Not only can conditions like these during this time of year put a damper on winter wardrobe expansion, they can also have some more serious effects. Jesse Gan (‘21) says, “When it gets really hot, windy and dry outside, I get asthma attacks at night.” The hot Santa Ana winds that blow through San Diego, contaminate the air with dust which could be responsible both for Gan’s attacks and the allergies that Vivienne Blackburn (‘19) has been experiencing. Blackburn is annoyed that she “keeps sneezing every 5 minutes” and attributes it not to this year’s viscous strain of flu but rather to the volatile environmental conditions.

Unseasonable warmth isn’t the only abnormality that students have noticed. Maya Schuster (‘18) describes, “It switches from super cold in the morning to super hot in the day or it will be really hot one day and really cold the next.” Blackburn (‘19) is annoyed by this indecisiveness and contends, “It’s winter, the weather should be staying in one place.”

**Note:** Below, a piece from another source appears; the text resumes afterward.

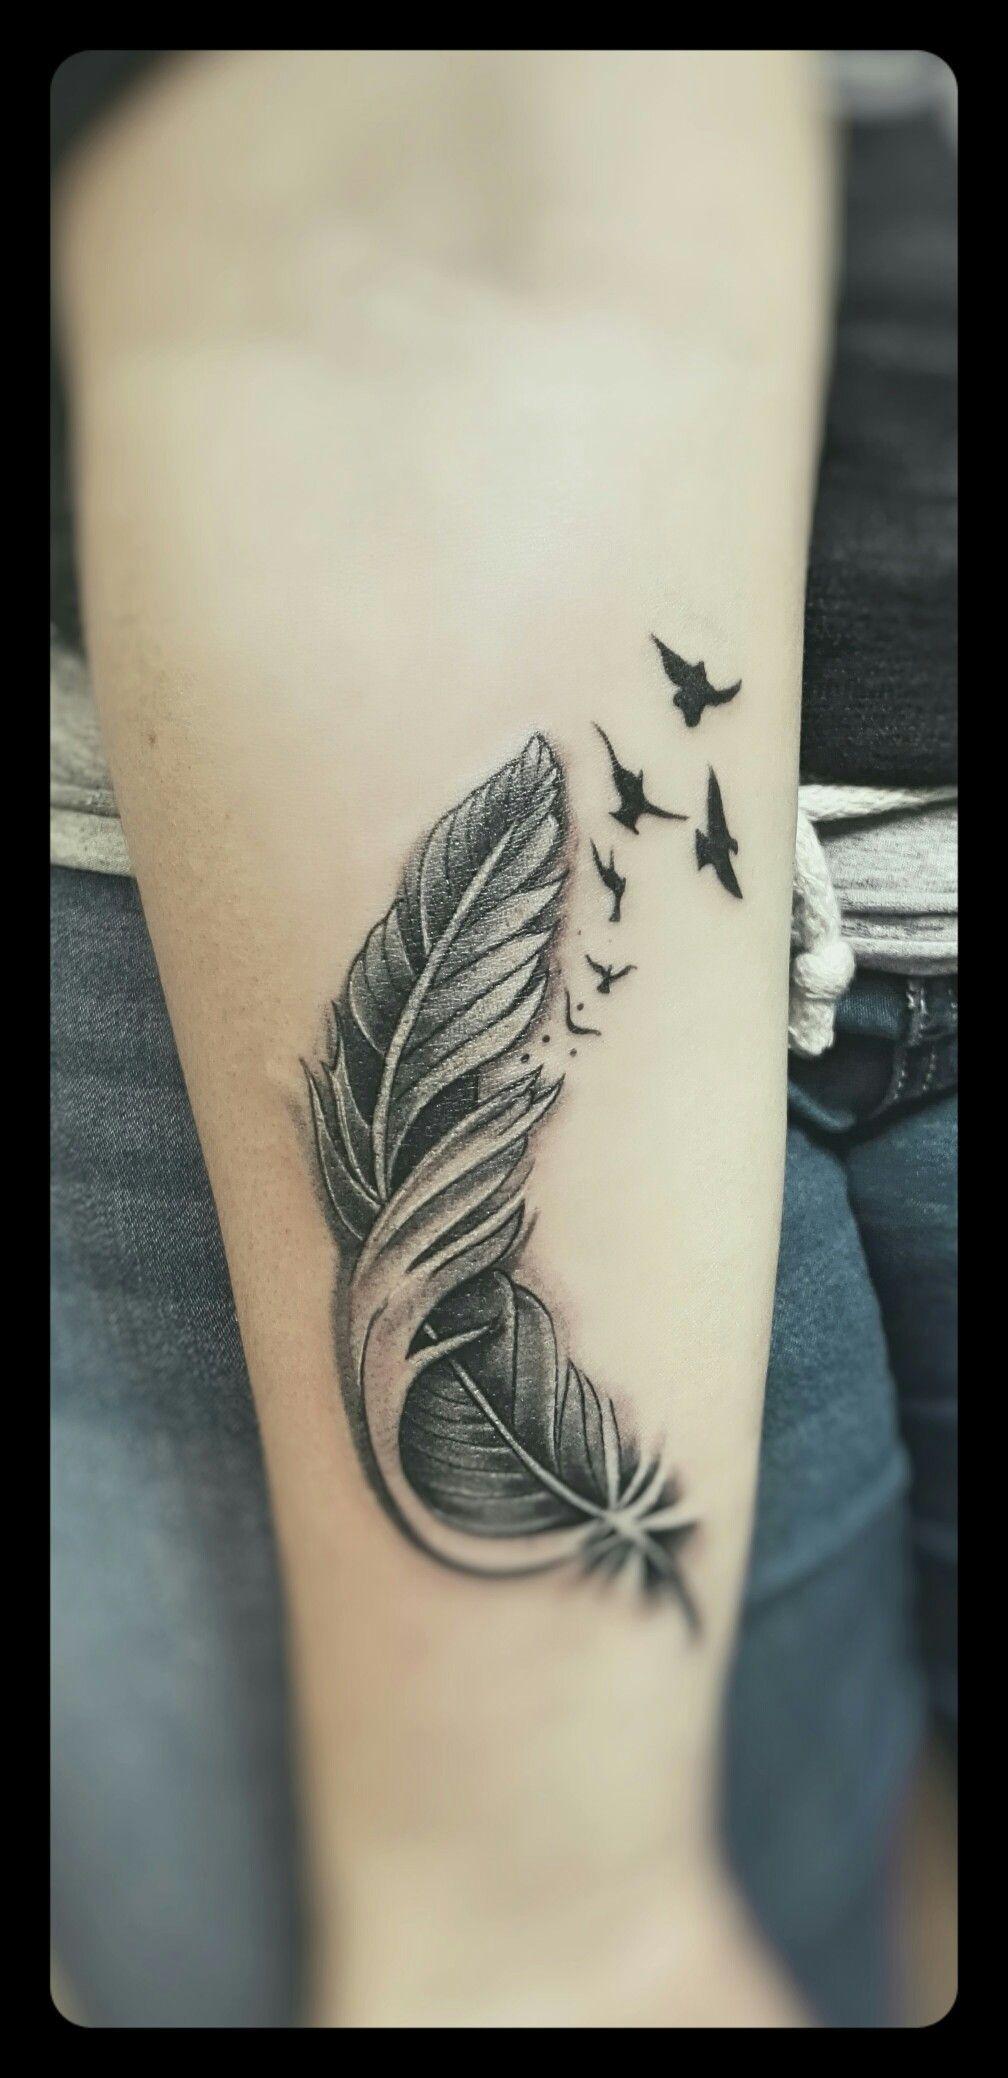 Pin De Lorena Grisales En Tatuajes Tatuajes De Plumas Tatuajes

Schuster, Blackburn, and numerous others have also become accustomed to the thick fog that was responsible for the delay and cancellation of many flights coming into and out of San Diego. Daniela Sutton (‘20) claims, “It [the fog] got so extreme, I had to turn around and go back home because I couldn’t drive in it.” Students should be prepared to have their surroundings become eerie once again because more fog is expected over the coming weeks.

Sutton (‘20) took a very theological approach when asked to explain these weather anomalies: “I’m guessing it’s been cold for a long time so God wants it to be hot now.” Mia Hansen (‘20), on the other hand, took a more scientific approach: “Isn’t it the equator…something with that? Because like global warming and the earth is changing and stuff.”

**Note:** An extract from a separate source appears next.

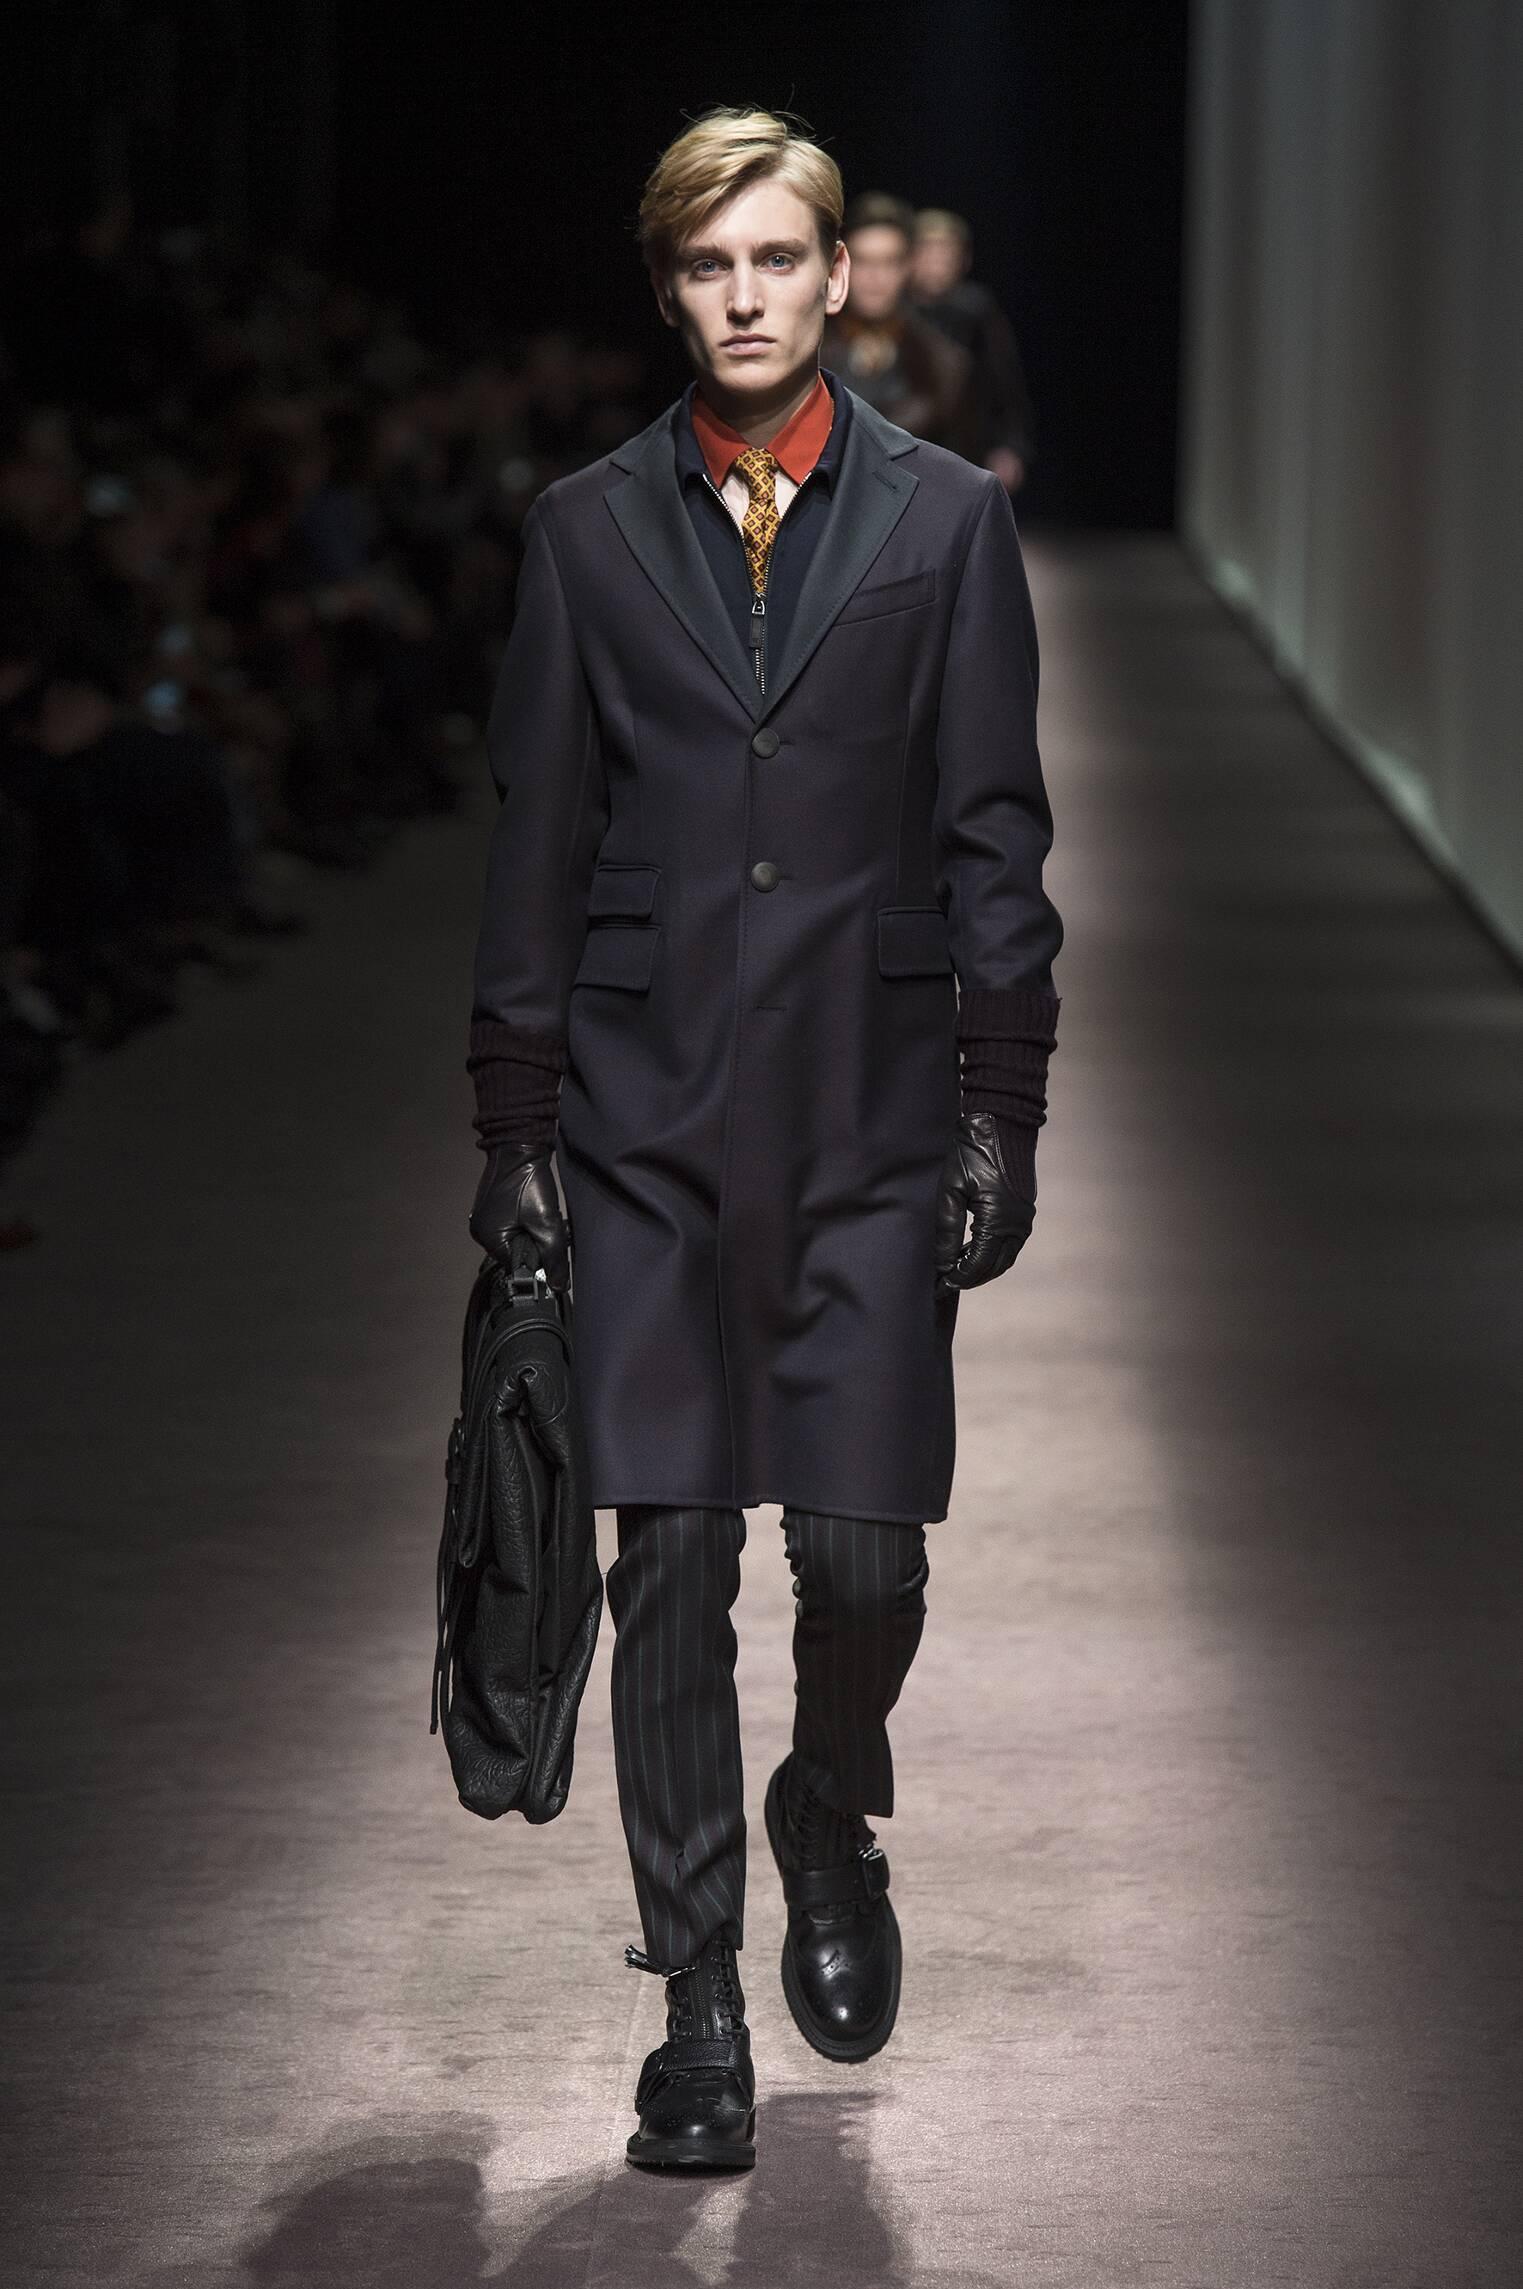 Fashion Model Canali Catwalk

Among the remaining interviewed students, science seems to be the prevailing justifier. Jesse Gan (‘21) says, “I think that there’s a lot of things that we’re doing to the earth that we don’t know the consequences of yet.” Gan is correct, and these weather patterns are just some of the consequences of our actions. Schuster (‘18) continues, “A lot of people say humans have had no affect on the weather but then you look at all the carbon emissions and everything that goes into the atmosphere and all the scientific results, it makes sense.”

If humans continue with the destructive exploitation of resources, we might need to become accustomed to volatile weather conditions and become less reliant on our expectations for the seasons because as Jonathan Bielaz (‘18) says, “it’s going to happen next winter and the next winter and the next few decades of winters.”